When we think of ACL injury, phrases such as dynamic knee valgus and quadriceps-to-hamstrings strength are the first that come to mind, among other potential biomechanical and neuromuscular risk factors. As a lower extremity biomechanist, I initially believed that focusing our efforts on lower extremity function and strength would solve our big ACL injury problem. However, my dissertation research (the relationship between sports-related concussion and lower extremity injury)6–8 has led me to believe we are largely ignoring another important area when it comes to ACL injury…the brain! In this blog, I discuss how the brain plays a crucial role in ACL injury by providing both theoretical and data-driven rationales. While the research on the relationship between the brain and ACL injury is still in its relative infancy, there are a lot of exciting avenues that can be taken to help coaches and clinicians further refine risk reduction strategies for their athletes.

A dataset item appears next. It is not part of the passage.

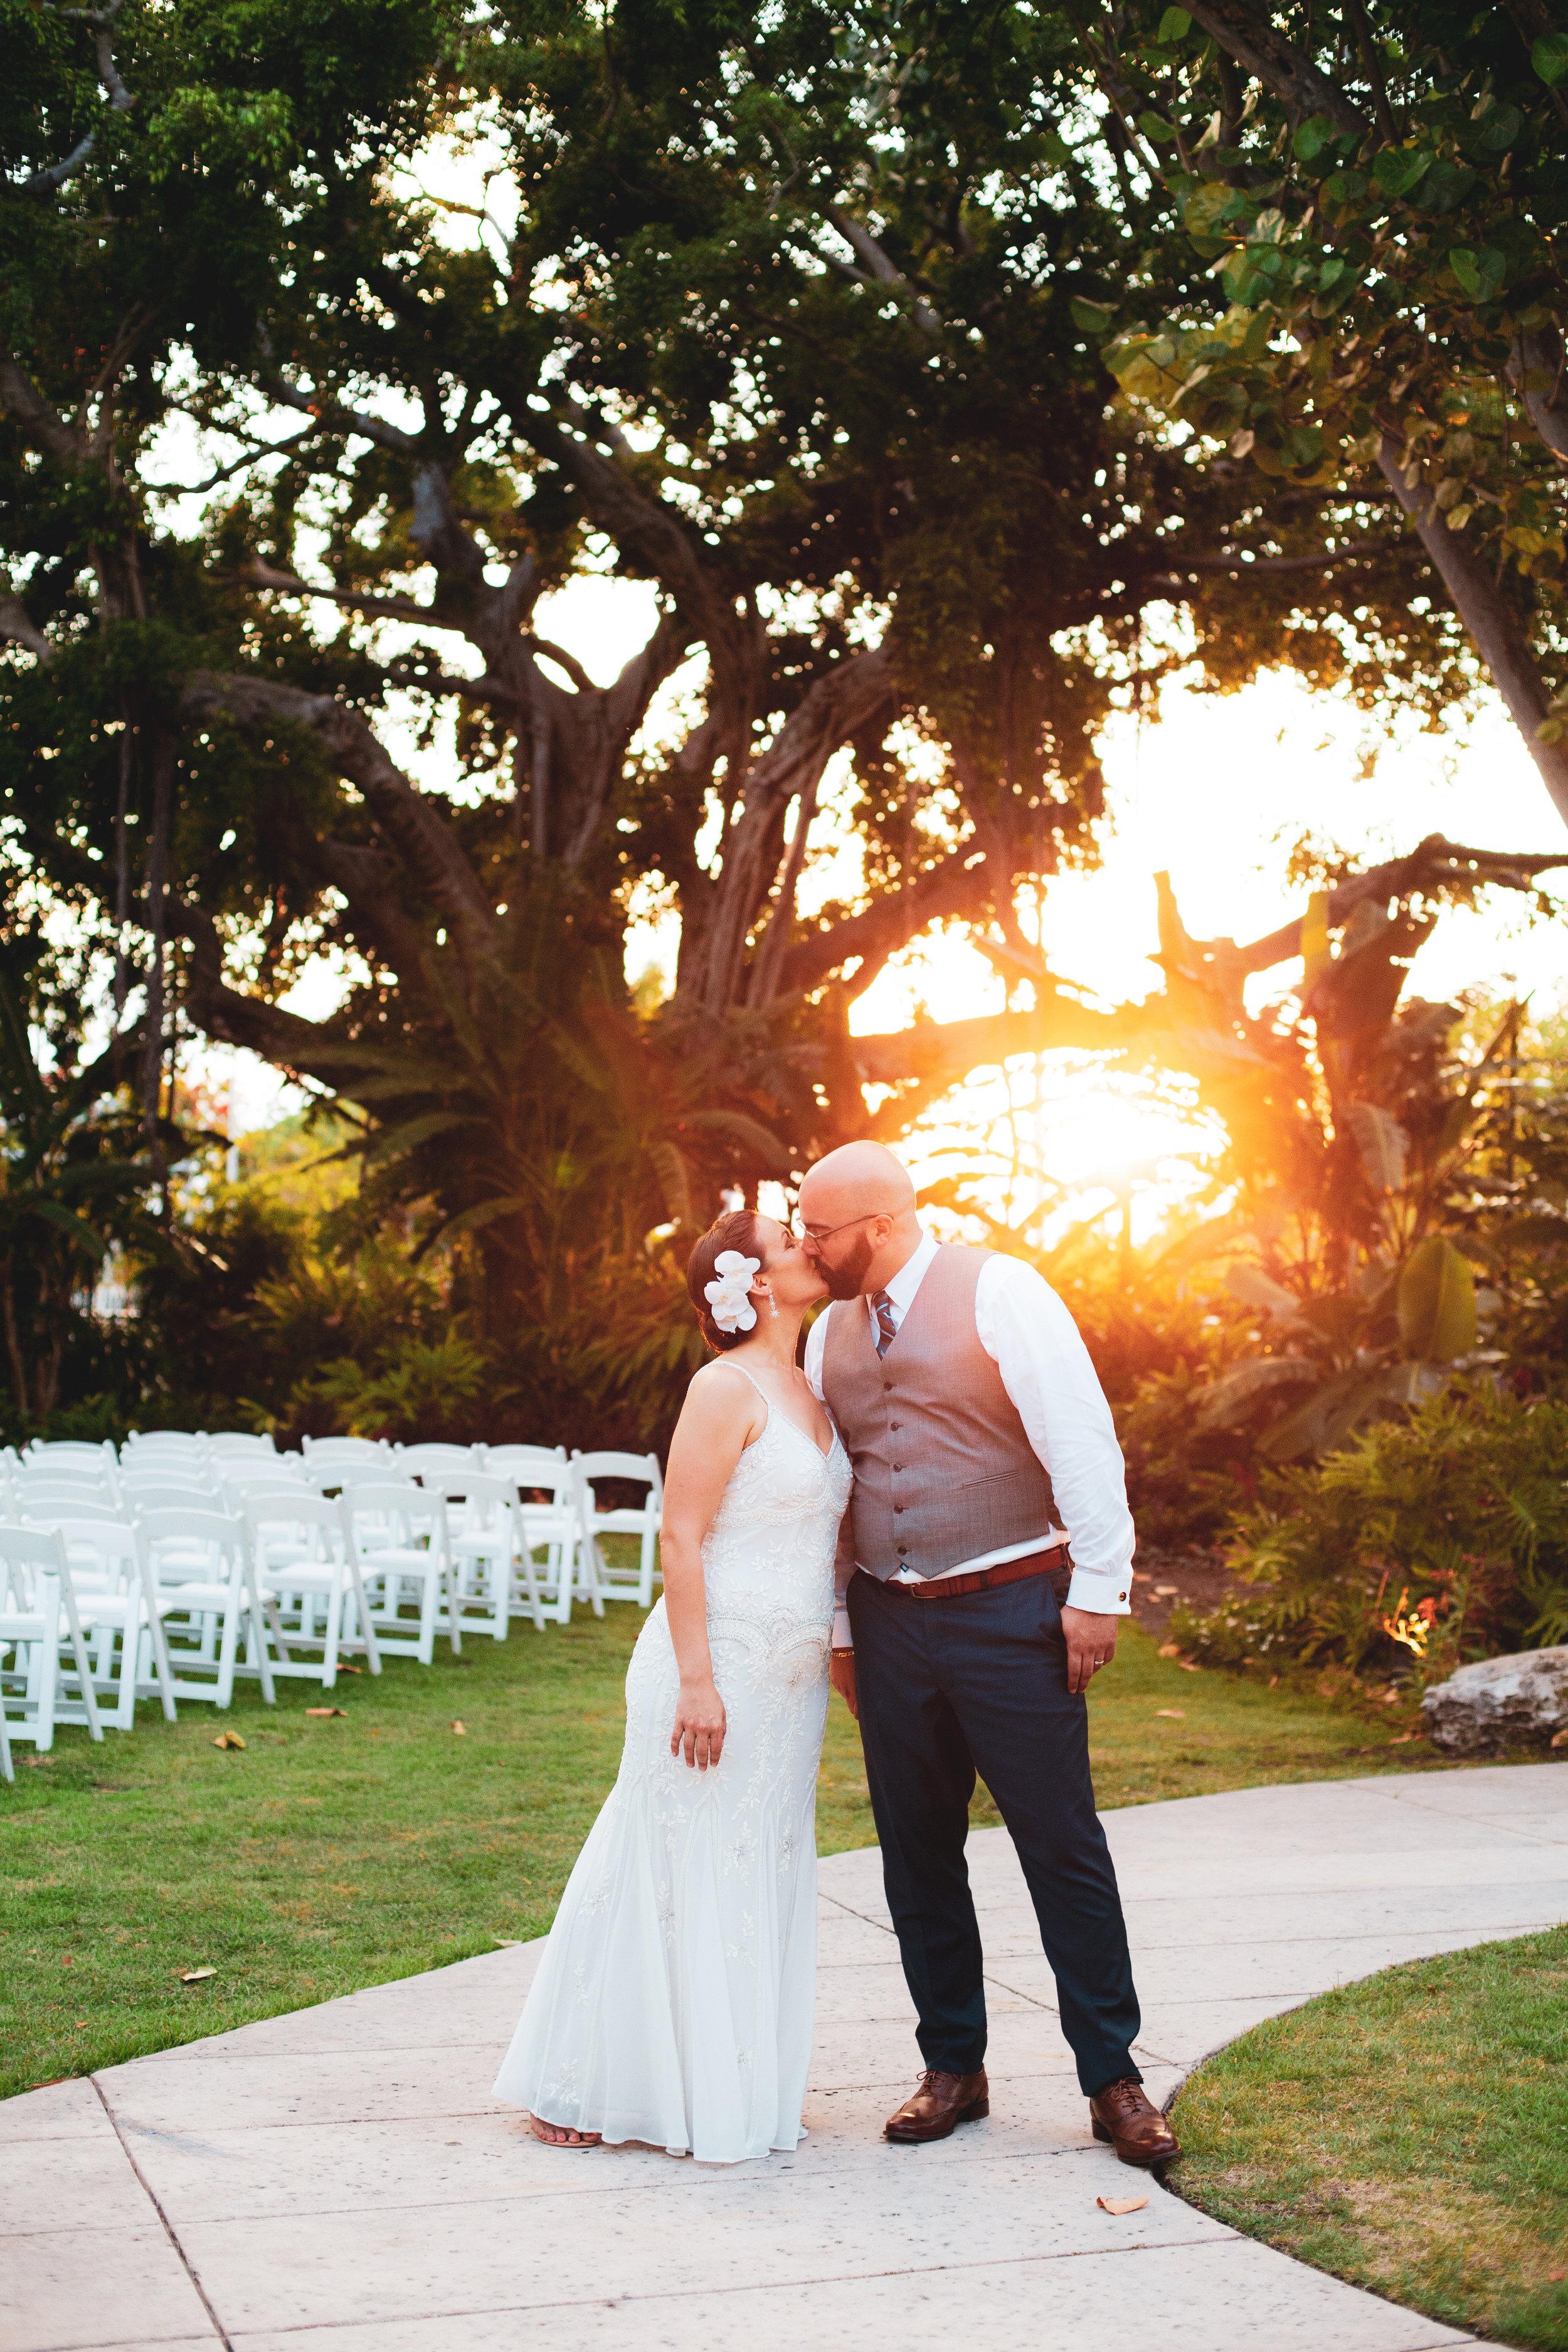 miami beach botanical garden florida wedding © kelilina photography 20190601135251-5.jpg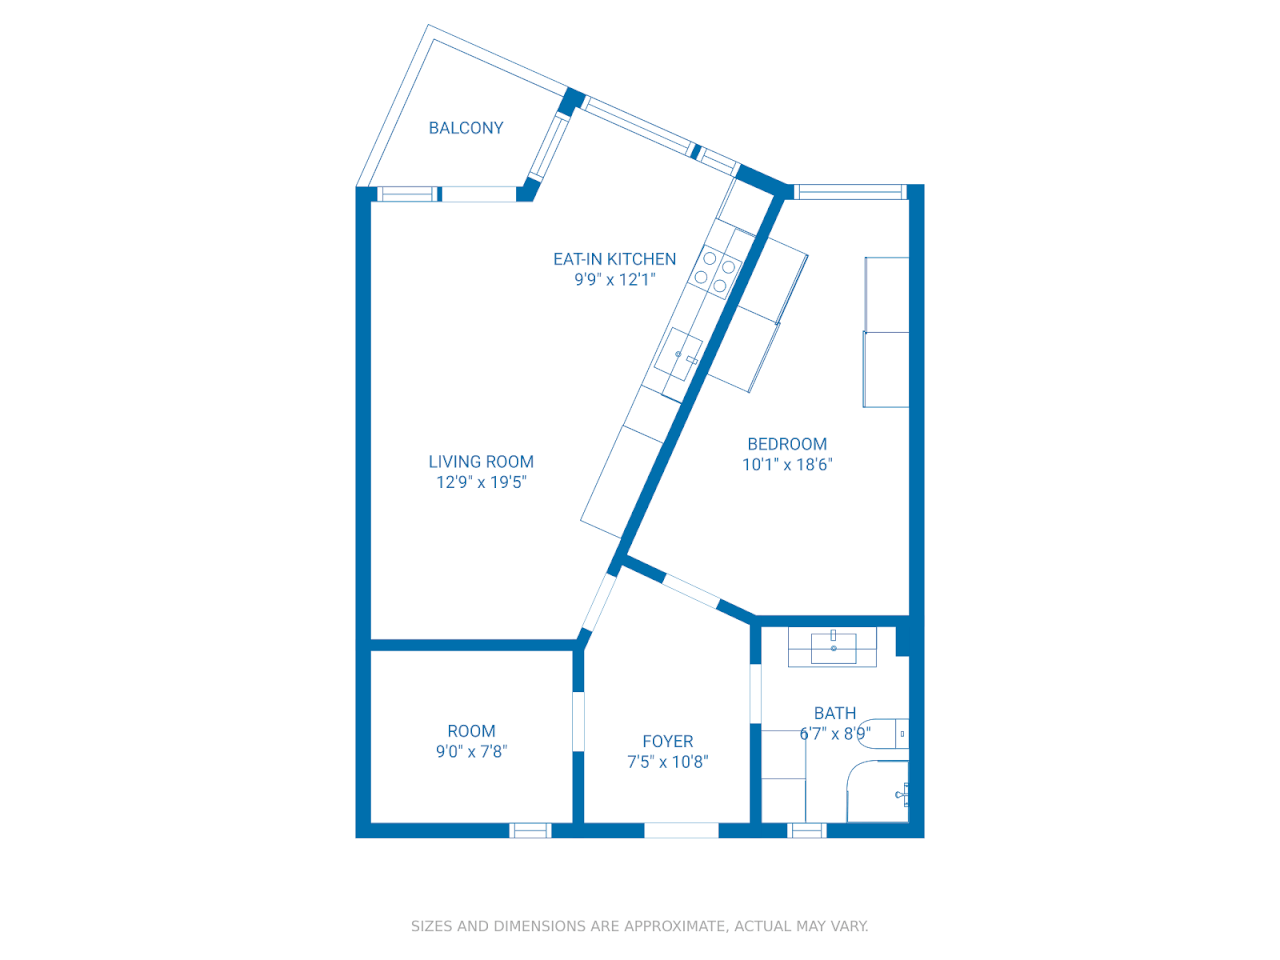 Floor plan theme: Blueprint

Before diving into some of the research, we should first take a step back and consider the complexity of a dynamic sporting environment. Take for example, an American football running back who is about to receive a handoff during a game. Some of the key neurocognitive components may include:

All of this must be completed in seconds or less! We take for granted how truly demanding a sporting environment is from the standpoint of perceiving stimuli and subsequently acting upon this information. To complete any given movement in sport, an athlete interacts with their environment based upon the nature of stimuli, the complexity of neuromuscular action, and the number of response options (Figure 1).

Figure 1. Interplay between the performer and environment.

Non-contact ACL Injury is an Error in Sensorimotor Integration

The sensory information from both internal and external sources during sport must be received, interpreted, and organized correctly and efficiently for task-specific motor output to avoid injury. This is referred to as sensorimotor integration. In any given situation on the field, an athlete possesses a certain “bandwidth” for perceiving sensory information. Visual, auditory, tactile, and proprioceptive information quickly fill this bandwidth, requiring athletes to be able to identify what stimuli are relevant and irrelevant to the task. Slower processing of this sensory information may not allow adequate time to initiate an appropriate and protective neuromuscular response within the temporal and spatial constraints of sport, leading to high impact loads on the ACL and other lower extremity structures (Figure 2). Instead of thinking of ACL injury (of those that are the result of a non-contact mechanism) as a biomechanical or strength issue, we should consider it more so to be an error in sensorimotor integration processes. The sensory information from both internal and external sources during sport must be received, interpreted, and organized both correctly and efficiently for task-specific motor output to avoid injury.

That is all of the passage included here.